Married man chasing a fantasy
COUNSELLOR, I’ve been married for over a decade, but for the past few months, I’ve been having an affair with a colleague. It started as harmless talk about work stress — now it’s motel rooms, back of the car, secret texts, and adventures that feel more real than my marriage. At home, everything’s flat: no intimacy, no spark, just kids, bills, a messy house, and constant noise. With this other woman, I feel seen, desired and alive. The passion is overwhelming, like I can hardly breathe. I know I’m betraying my wife who’s always been there for me, and the guilt is crushing… but so is the thought of letting this other woman go.
Am I chasing a fantasy, or is this affair revealing something my marriage has long been missing?
You are having an affair, and you want to know if it is fulfilling something your marriage isn’t. Yes, sure, the affair is giving you the thrills and adventures that you’re not getting from your wife. You feel “desired and alive” with this lady, while you feel bored and unseen with your wife. Many readers may identify with that. They may be in the same boat. Both husbands and wives can feel that having an affair is thrilling and satisfying. But, there’s a but…

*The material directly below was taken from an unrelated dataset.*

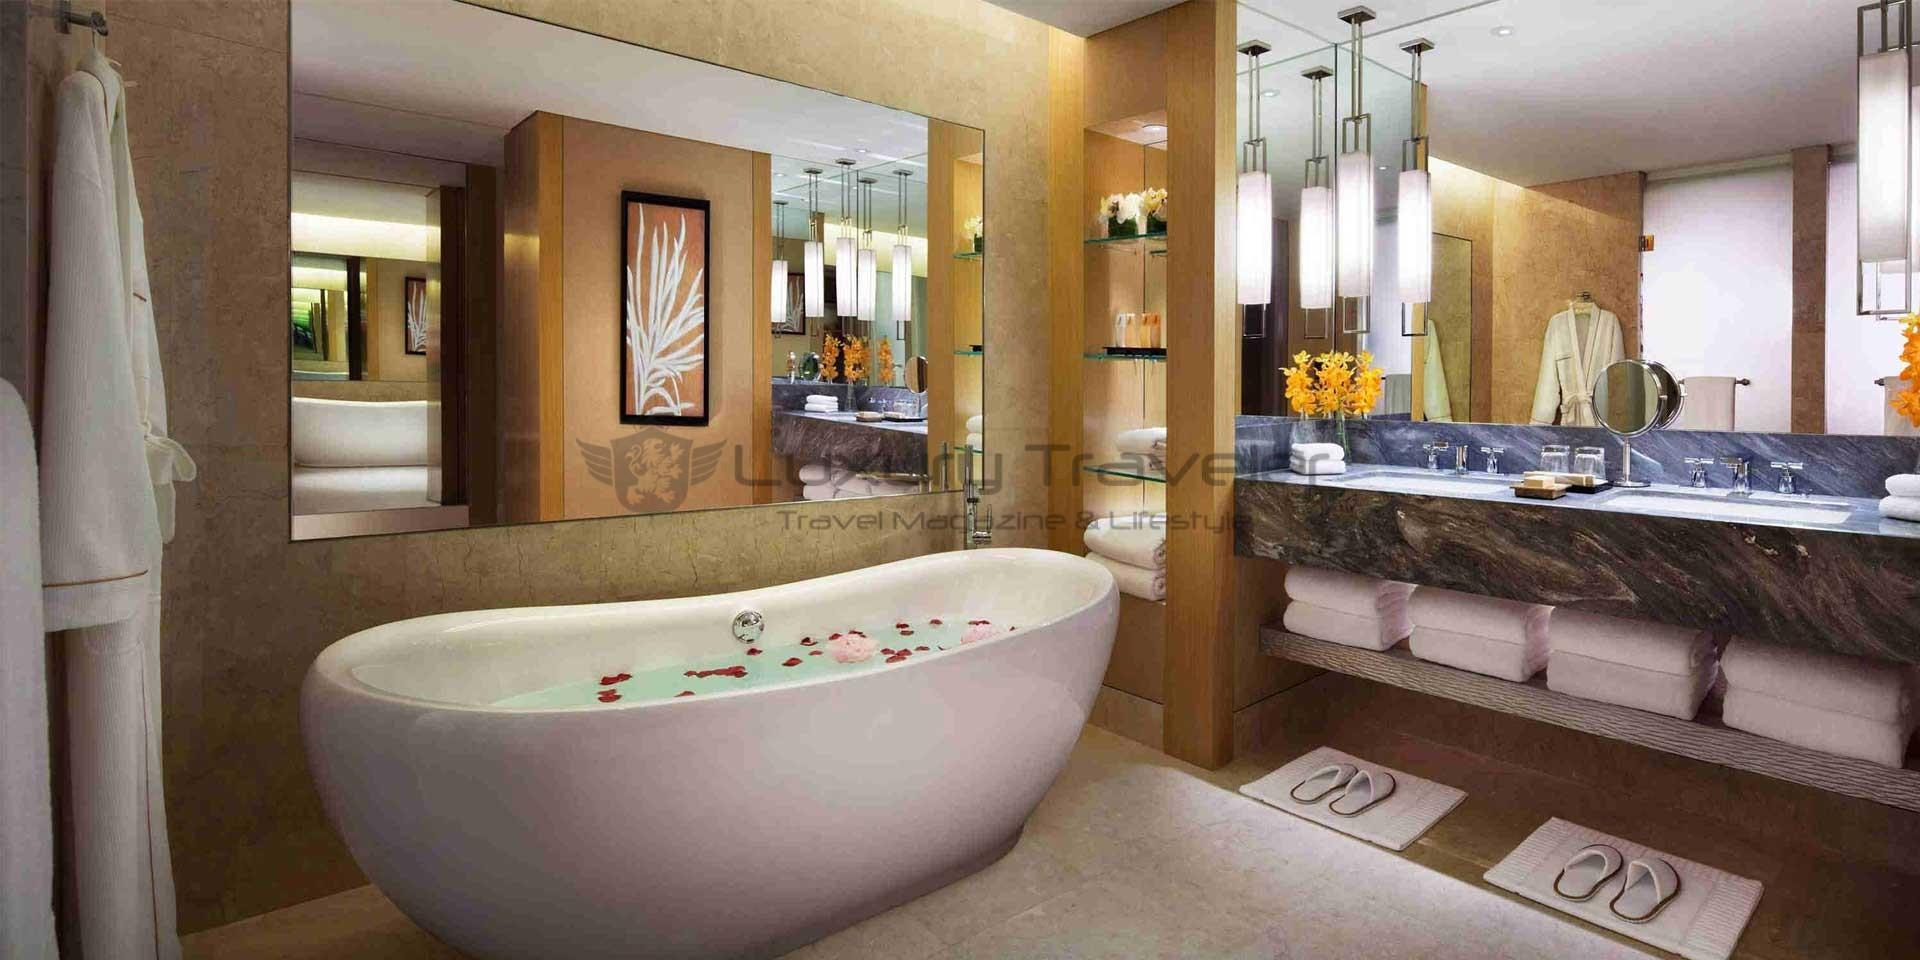 marina_bay_sands_singapore_Marina-Bay-Sands-bathroom_hotel

Outside attention can feel like it is doing what the marriage isn’t. Yes, it can reveal what is absent from your marriage. But whose fault is that? That’s to be determined. You asked if you’re “chasing fantasy”. Let me try to help by sharing a few points. I will include some scriptural, but easily known and accepted social principles:
Familiar things: The Bible notes in 2 Corinthians 12:15, “I will most gladly spend and be spent for your souls. If I love you more, am I to be loved less?” The concept: The more someone does because of love, the more their love can be taken for granted. Sad. Familiarity breeds contempt. The “familiar” can seem boring, dull and distasteful. You’ve said your wife “has always been there” for you. The familiar is familiar because it’s been faithful. There’s a weakness in people, displayed by the “turn-off” with what is faithful. Sad. I say to you, and to all couples, don’t destroy what’s faithful. It is your solid foundation. Fire up the passion in your marriage by purposefully figuring out how to constantly show appreciation. DON’T DESPISE A FAITHFUL SPOUSE.

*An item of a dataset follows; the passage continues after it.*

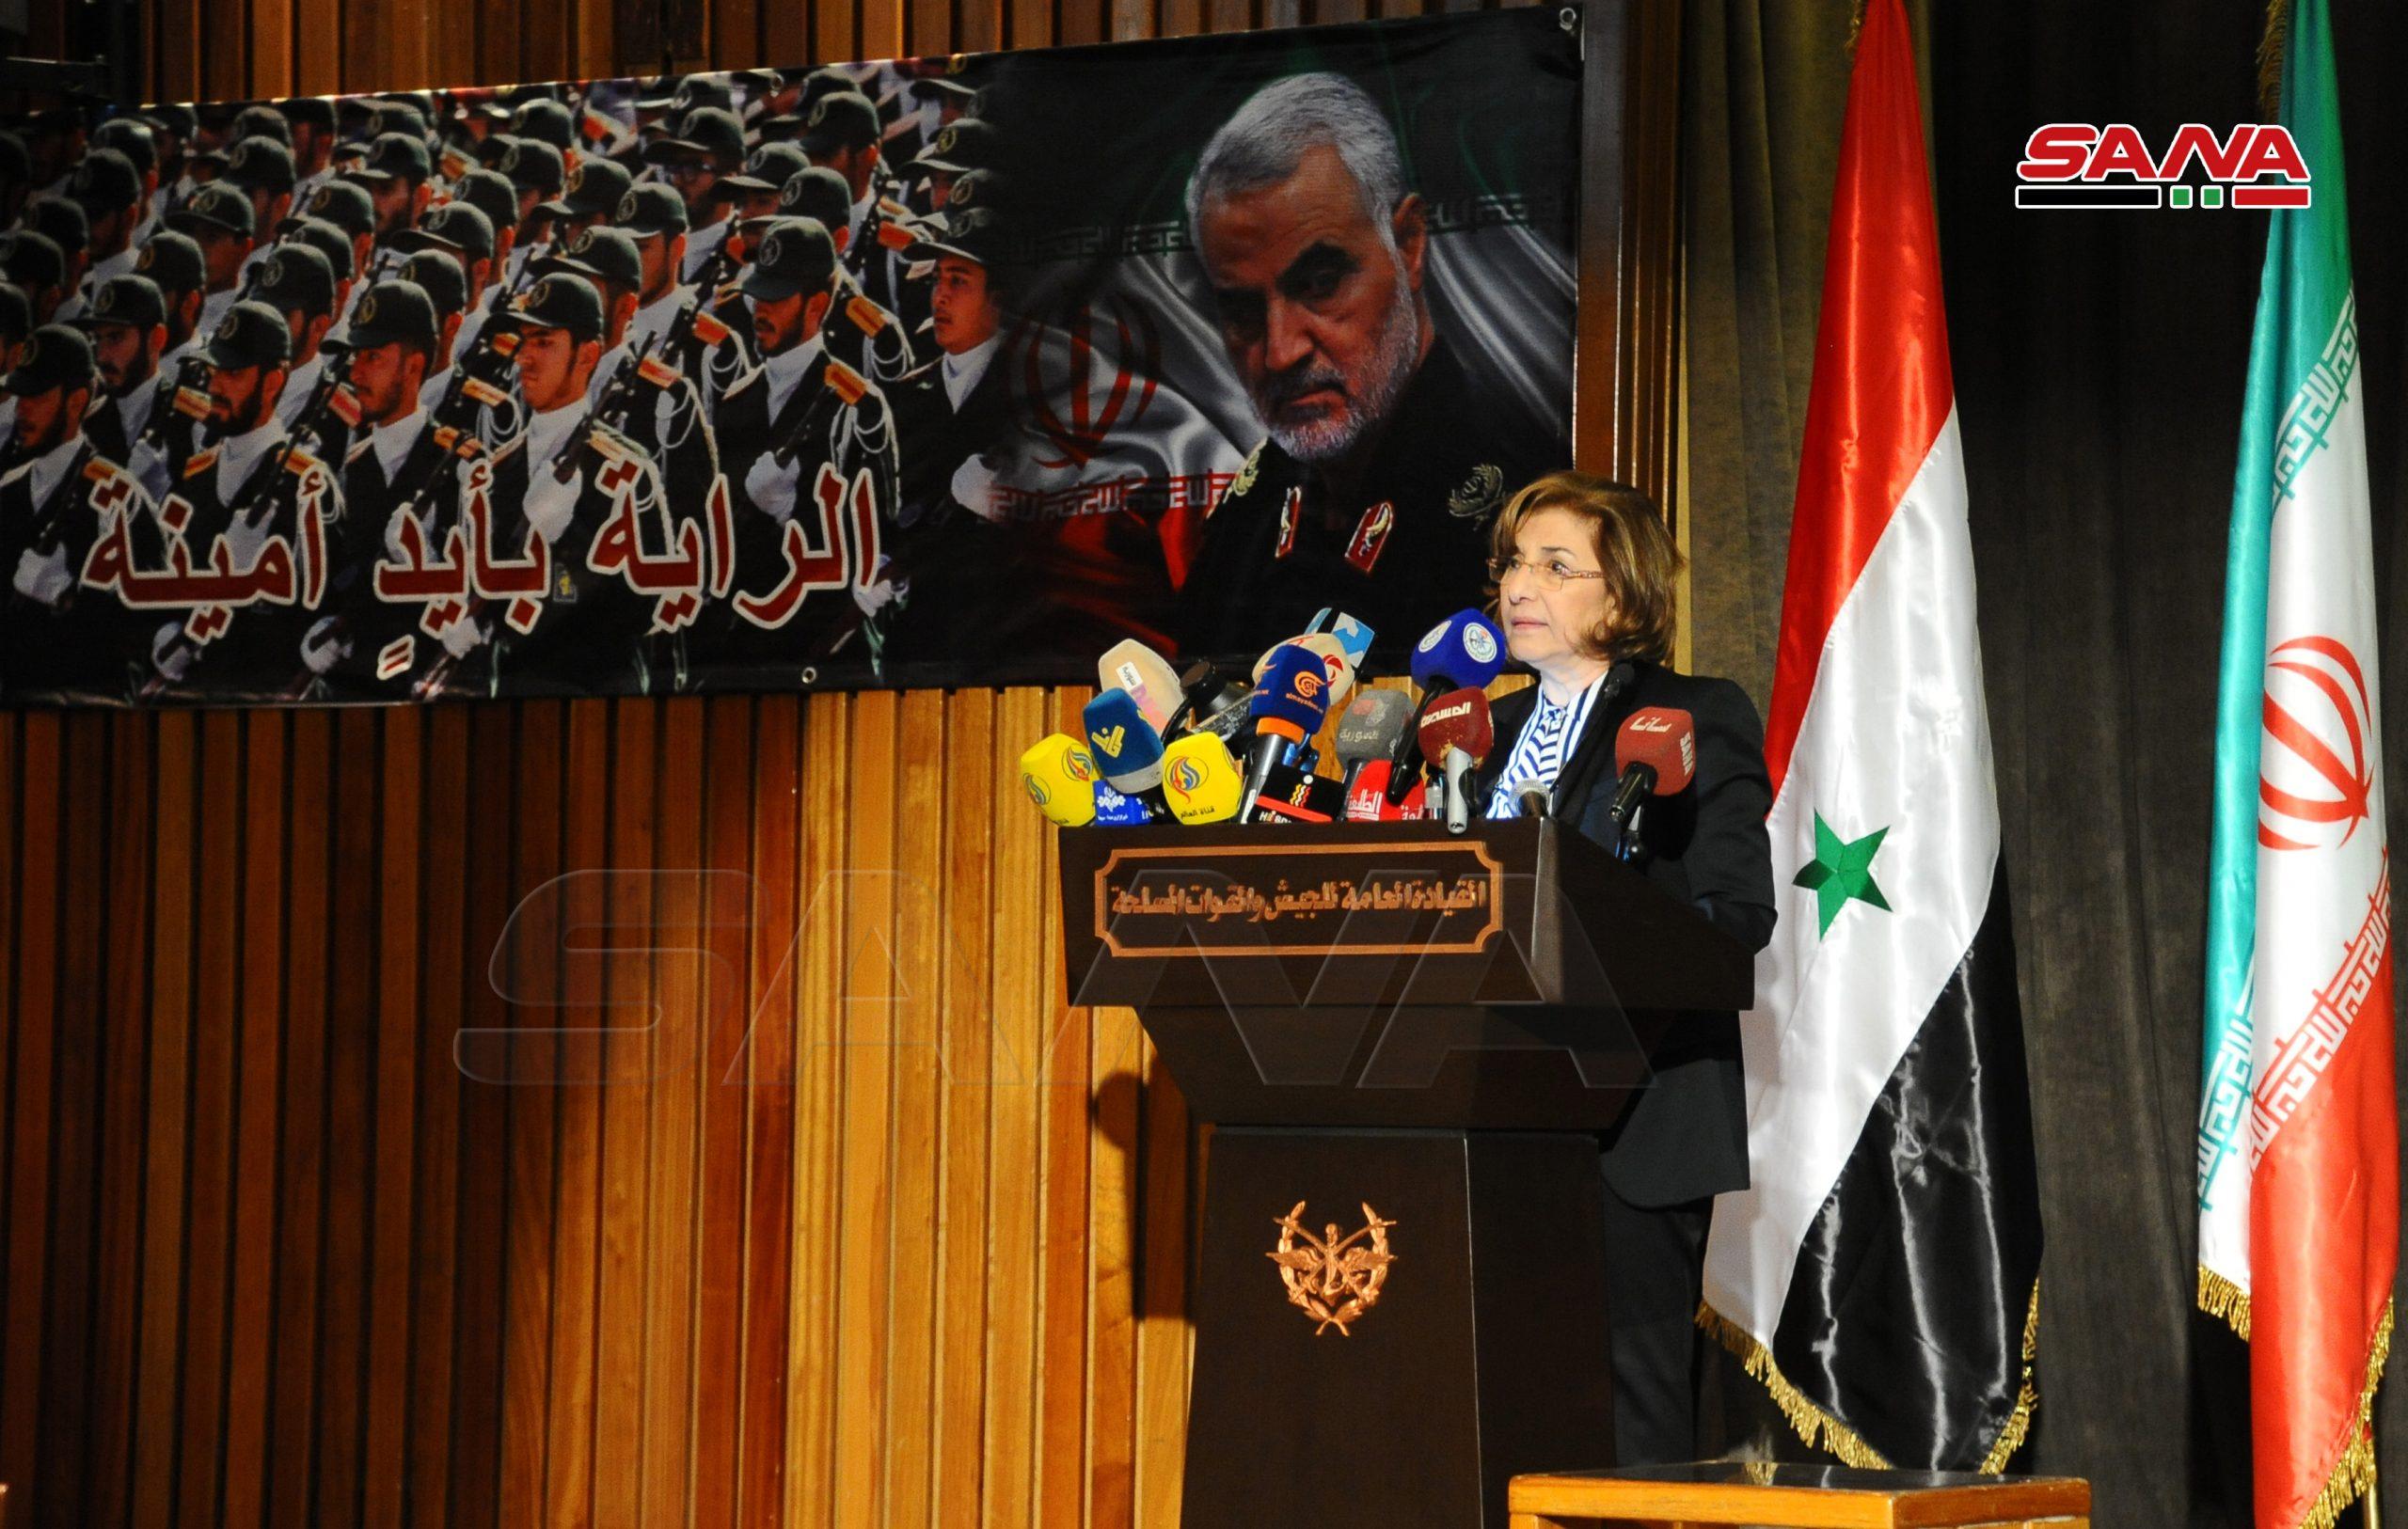 Photo of القيادة الجيش تقيم حفلاً تأبينياً للشهيد الفريق سليماني

Secret things: The Bible again says in Proverbs 9:17, “Stolen water is sweet, and bread eaten in secret is pleasant”. Concept: what’s forbidden can seem exciting. Experiencing what’s restricted can offer a thrill. The passion of the, “We shouldn’t be doing this” is quite apparent. But there’s a reason for those restrictions. Infidelity has a steep price. It will often cause excruciating pains later on when the truth comes out — and it will. (Perfume can’t be applied and hidden.) The cost can include loss of a loyal, loving partner, the loss of the respect of your children and the other relatives, the loss of assets and finances, and the loss of your reputation. BE CREATIVE ENOUGH TO BUILD EXCITEMENT INTO YOUR OWN MARRIAGE.
Sown things: Again, the Bible says in Hosea 10:12, “Sow for yourselves righteousness; reap steadfast love…” There is a commonly accepted “law of reciprocity” — what you do comes back to you. Enough people will say “it guh suh”. Consider what harvest truly awaits you if you’re comfortable “sowing” infidelity. A momentary hurt happens to the one cheated on, but good will be in their future. ENSURE YOUR FUTURE IS BRIGHT BY DOING WHAT IS RIGHT.
Monogamy may be tough, but it really is best practice — it is the enlightened way. Loyalty is still virtuous. Give me a call if you’d like further help to figure this out. We will work on finding and filling the “gaps” in your marriage. I pray that irreparable damage hasn’t already been done.